**GIVEN DATA:**
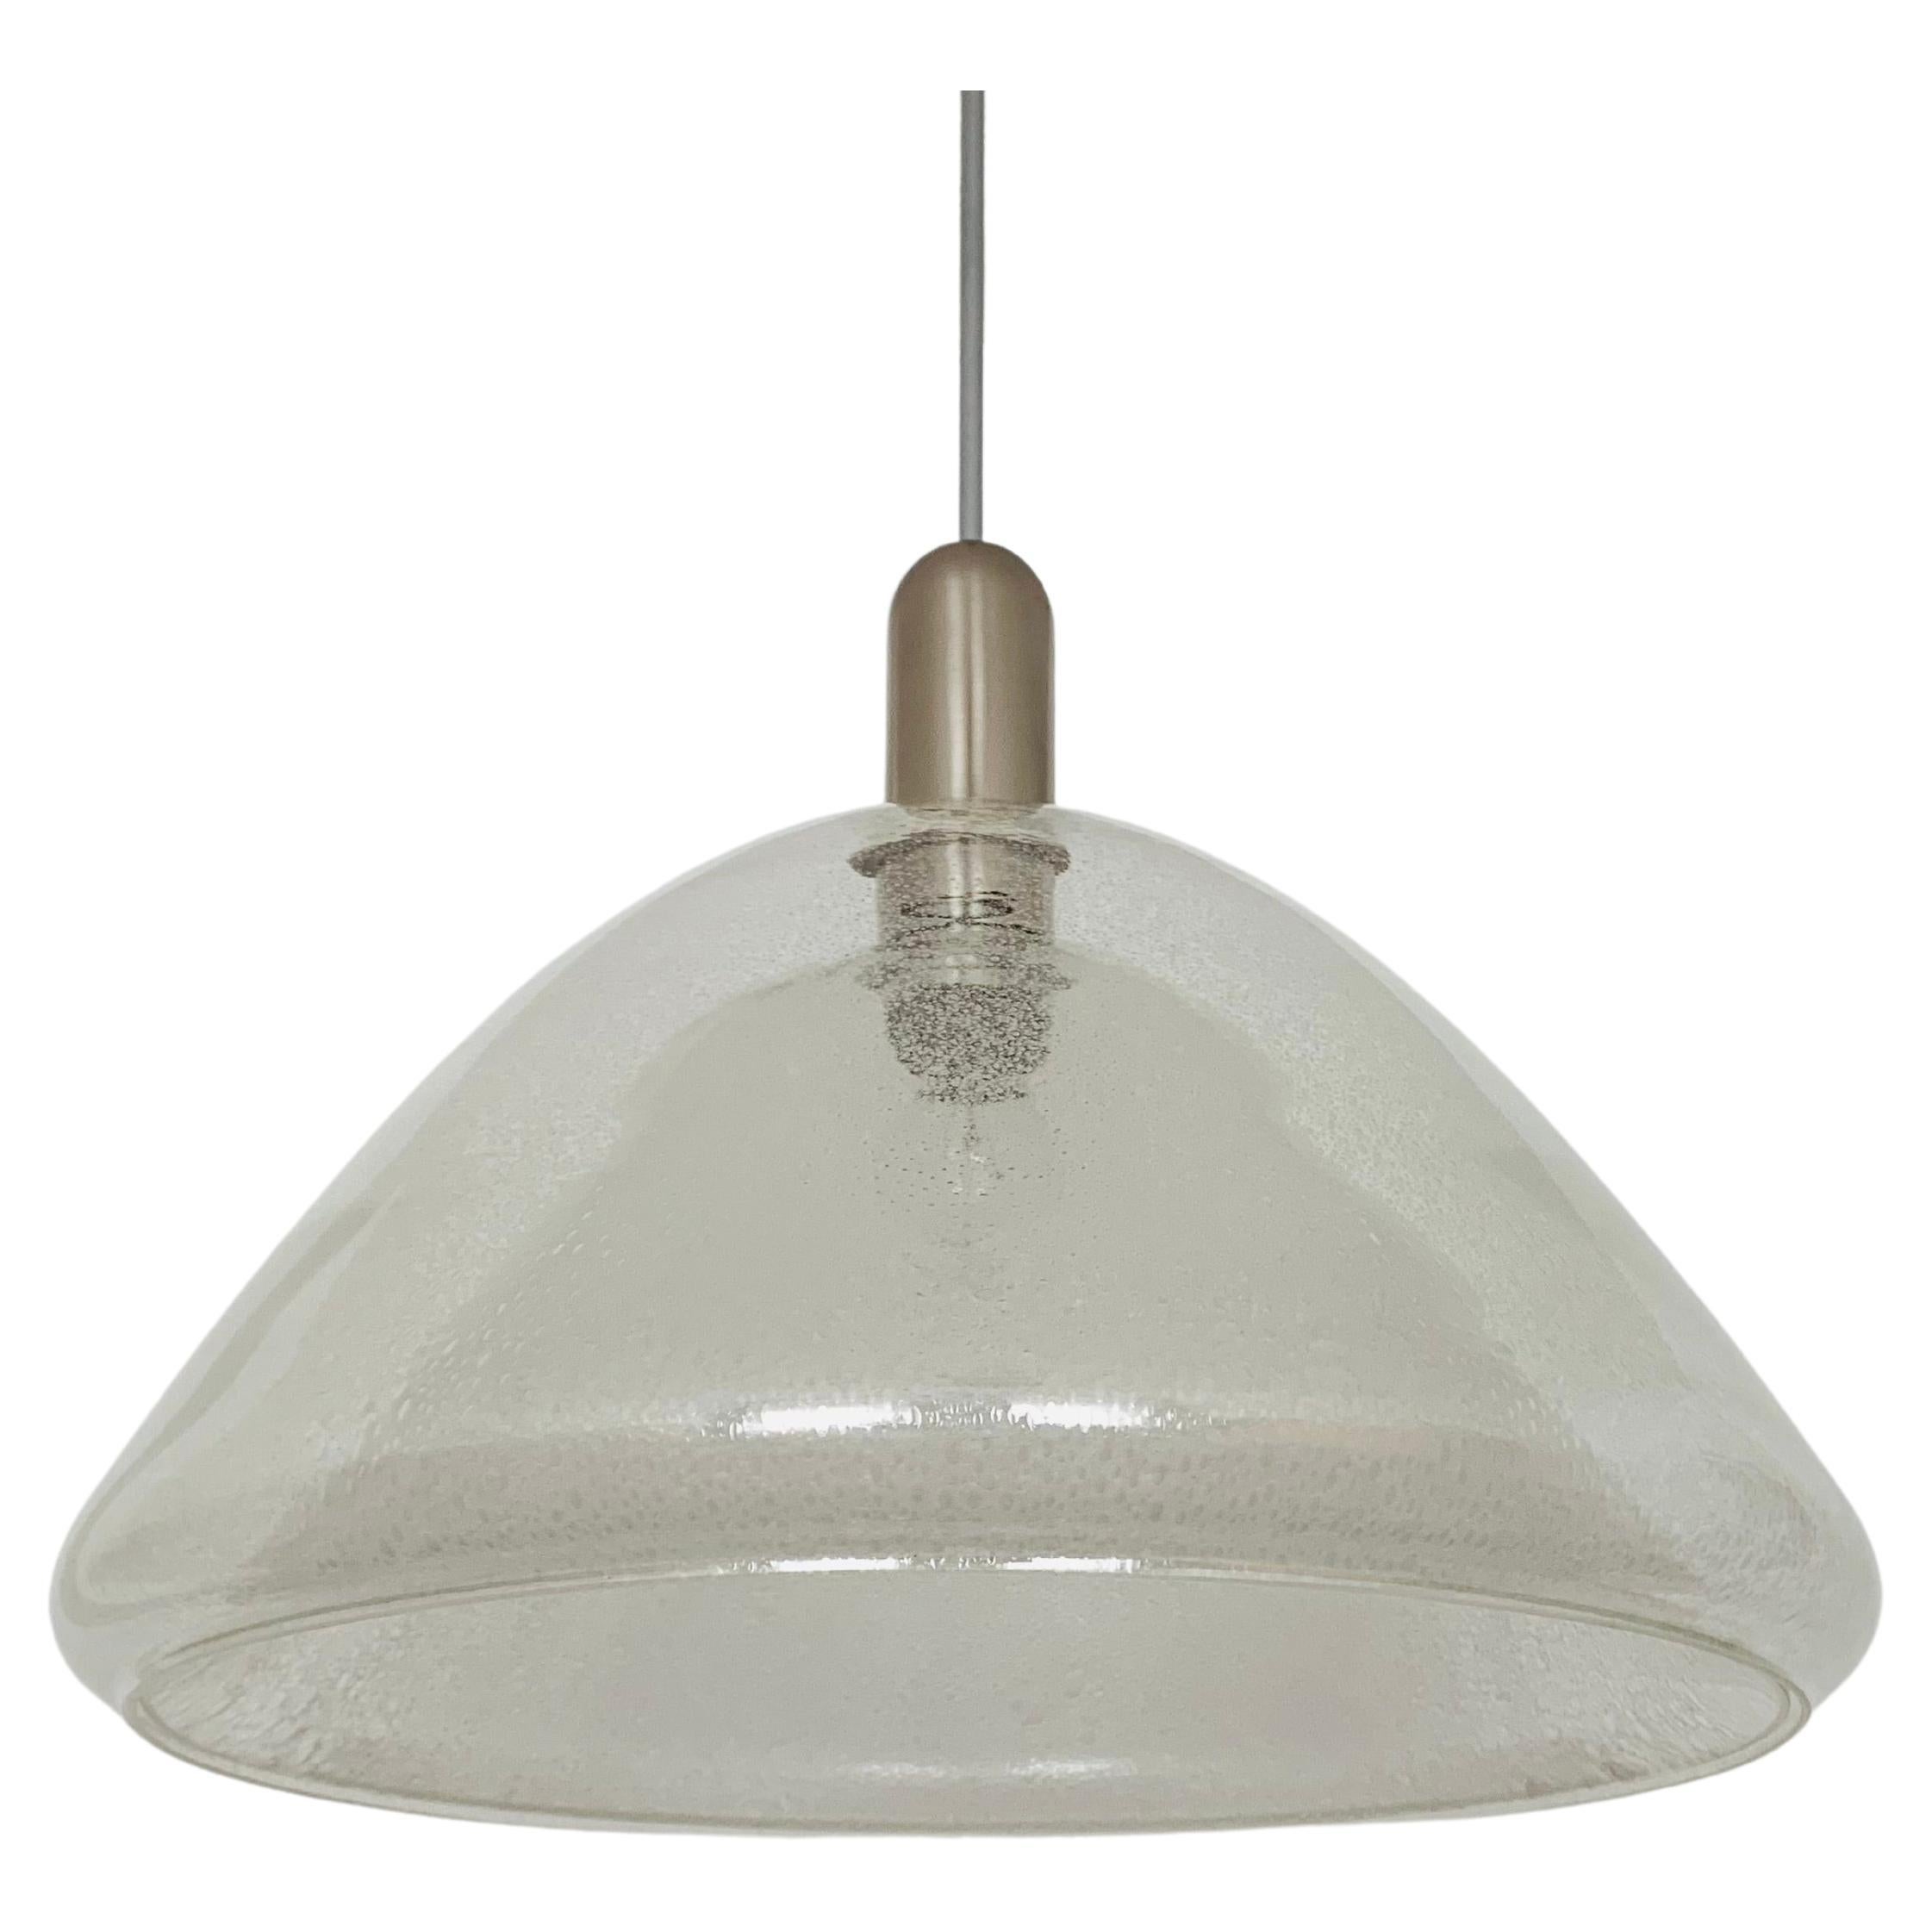 Peleguso glass lamp by Carlo Nason for Mazzega
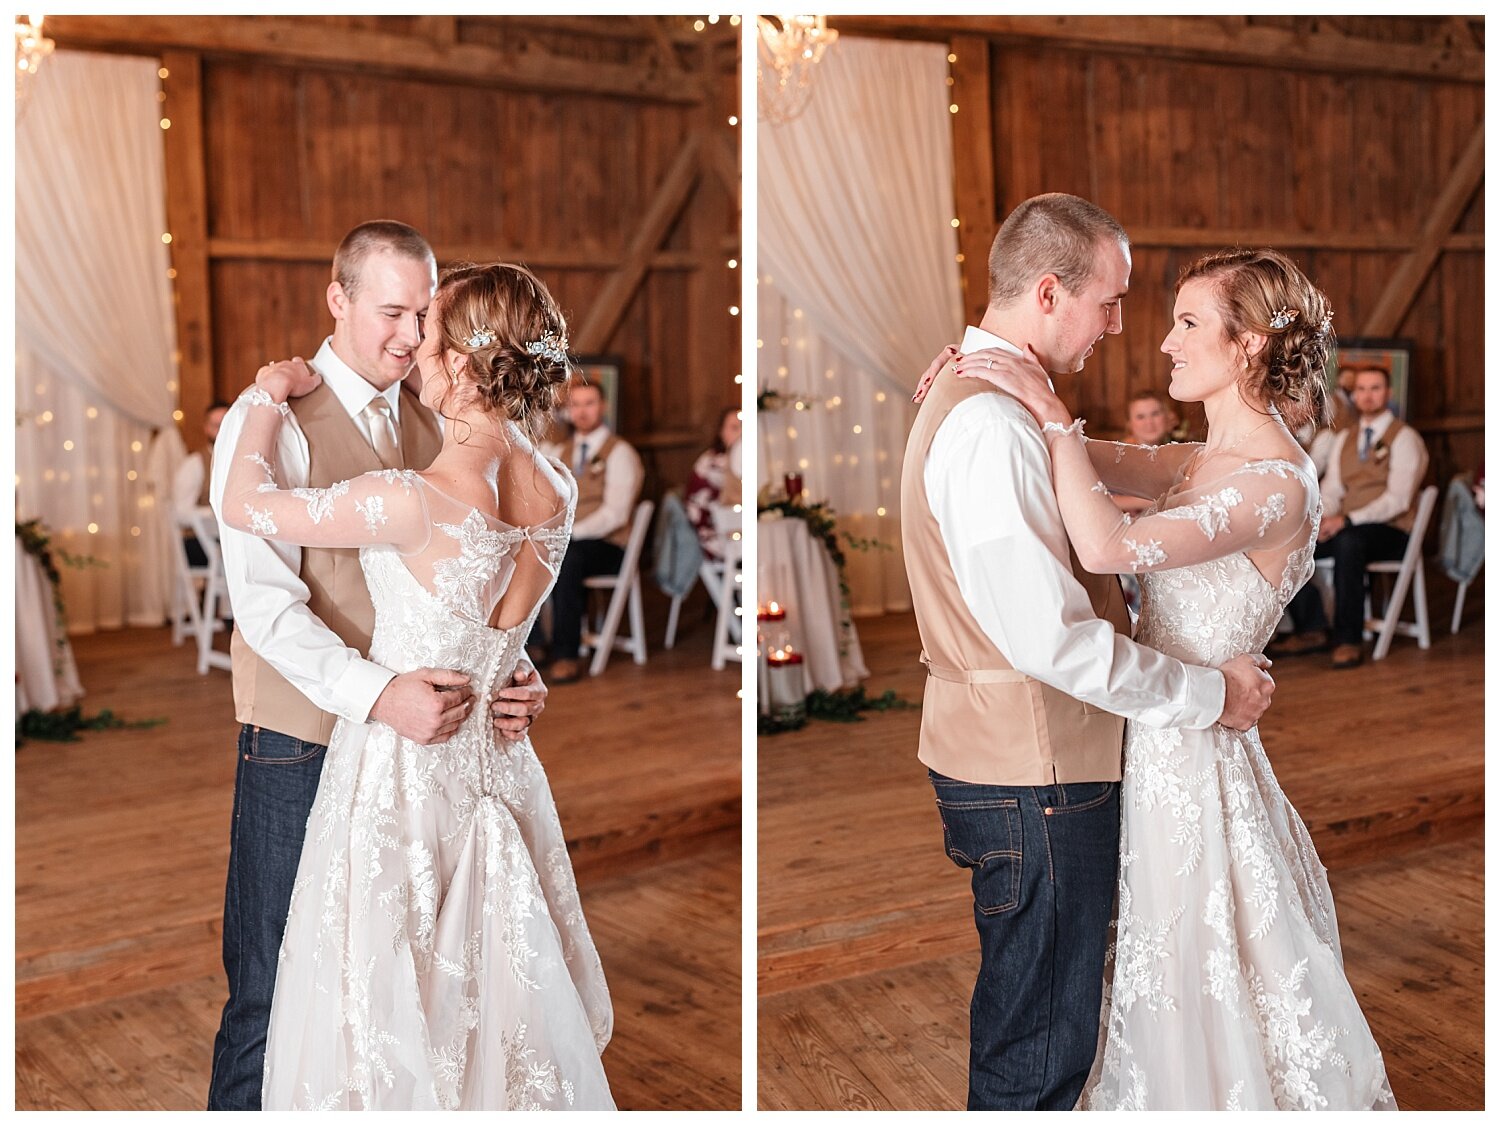 Springside Barn wedding, Lancaster Pennsylvania, pa wedding venue, barn, twinkle lights, bride and groom dance
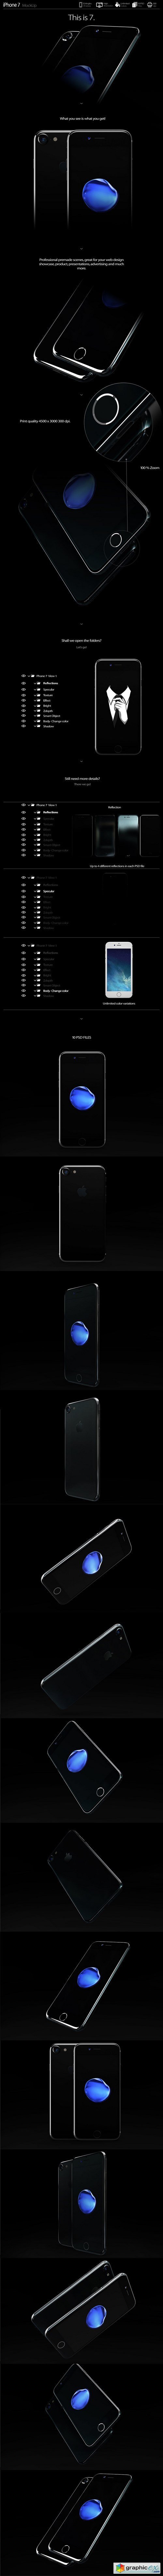 iPhone 7 Jet Black Edition Mock Up

**EXERCISE AIM:** The listing above is to be retyped word for word, with the pictures omitted.

**RESPONSE FOR THIS EXERCISE:**
 Peleguso glass lamp by Carlo Nason for Mazzega
 Springside Barn wedding, Lancaster Pennsylvania, pa wedding venue, barn, twinkle lights, bride and groom dance
 iPhone 7 Jet Black Edition Mock Up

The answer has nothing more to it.